# DataFrames: Reading in messy data
     
In the [01-data-access](./01-data-access.ipynb) example we show how Dask Dataframes can read and store data in many of the same formats as Pandas dataframes.  One key difference, when using Dask Dataframes is that instead of opening a single file with a function like [pandas.read_csv](https://pandas.pydata.org/pandas-docs/stable/reference/api/pandas.read_csv.html), we typically open many files at once with [dask.dataframe.read_csv](https://docs.dask.org/en/latest/dataframe-api.html#dask.dataframe.read_csv). This enables us to treat a collection of files as a single dataset. Most of the time this works really well.

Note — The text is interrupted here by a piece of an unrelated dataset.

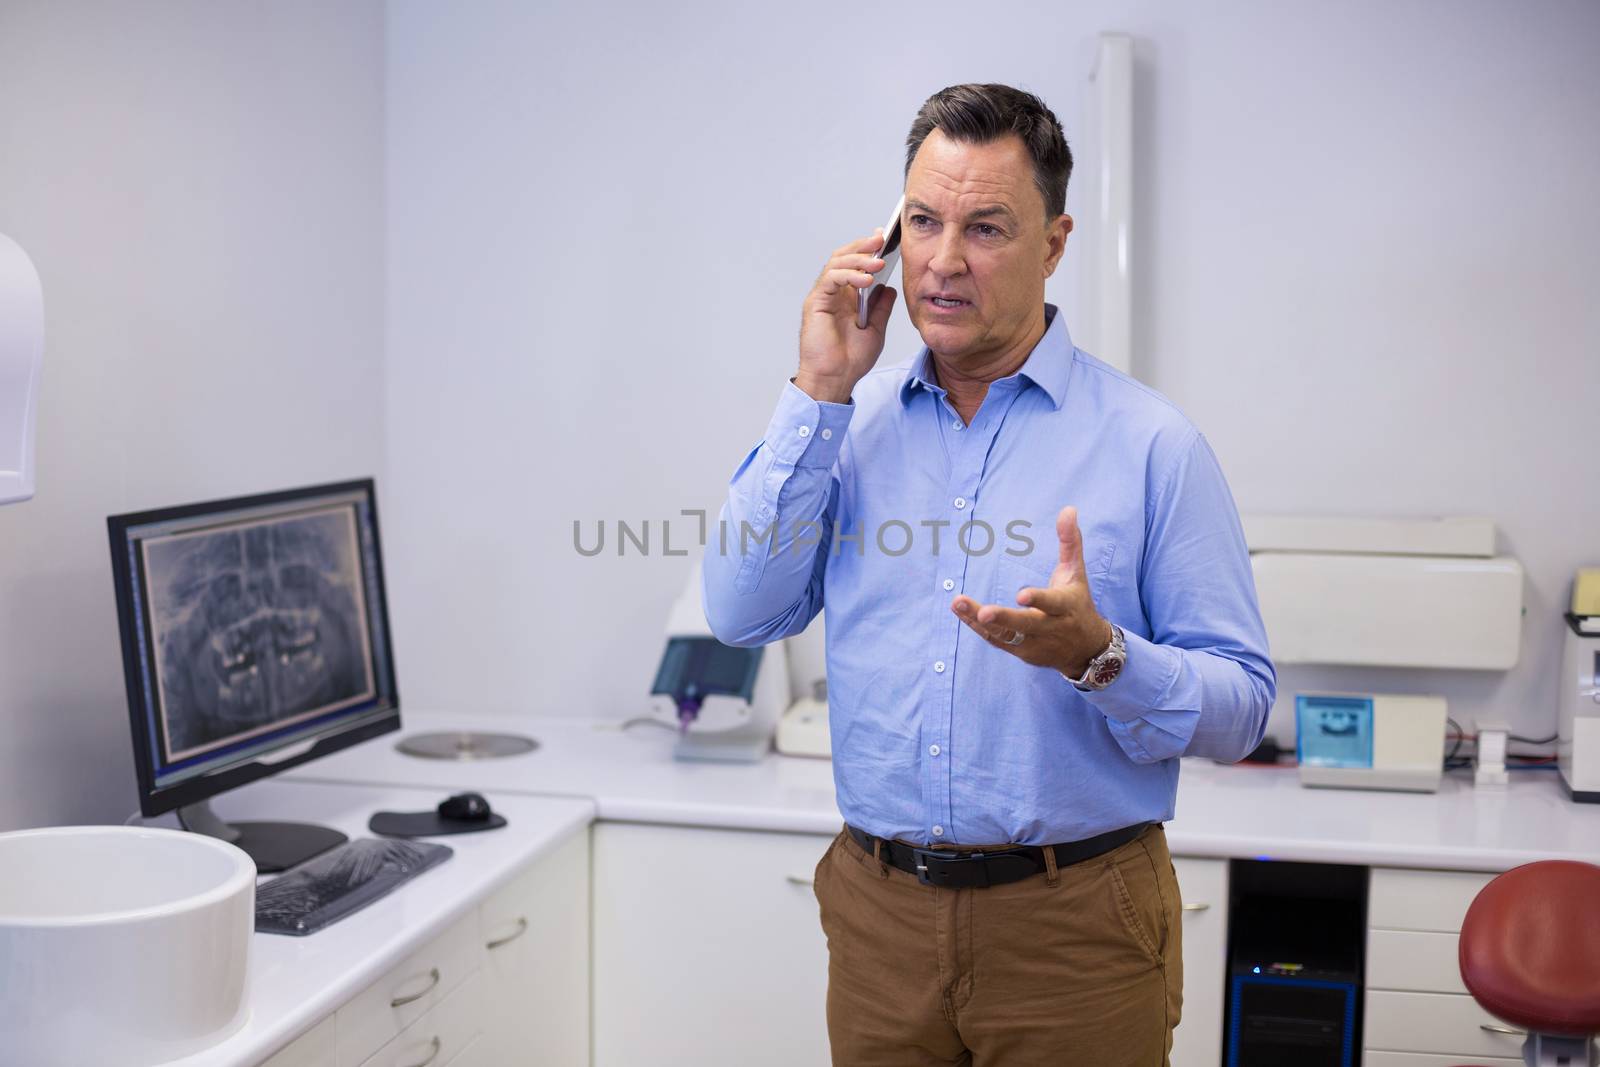 Dentist talking on mobile phone by Wavebreakmedia

But real data is messy and in this notebook we will explore a more advanced technique to bring messy datasets into a dask dataframe.

## Start Dask Client for Dashboard

Starting the Dask Client is optional.  It will provide a dashboard which 
is useful to gain insight on the computation.  

The link to the dashboard will become visible when you create the client below.  We recommend having it open on one side of your screen while using your notebook on the other side.  This can take some effort to arrange your windows, but seeing them both at the same is very useful when learning.

In [1]:
from dask.distributed import Client
client = Client(n_workers=1, threads_per_worker=4, processes=False, memory_limit='2GB')
client

0,1
Client  Scheduler: inproc://10.1.0.4/8351/1  Dashboard: http://10.1.0.4:8787/status,Cluster  Workers: 1  Cores: 4  Memory: 2.00 GB


## Create artificial dataset

First we create an artificial dataset and write it to many CSV files.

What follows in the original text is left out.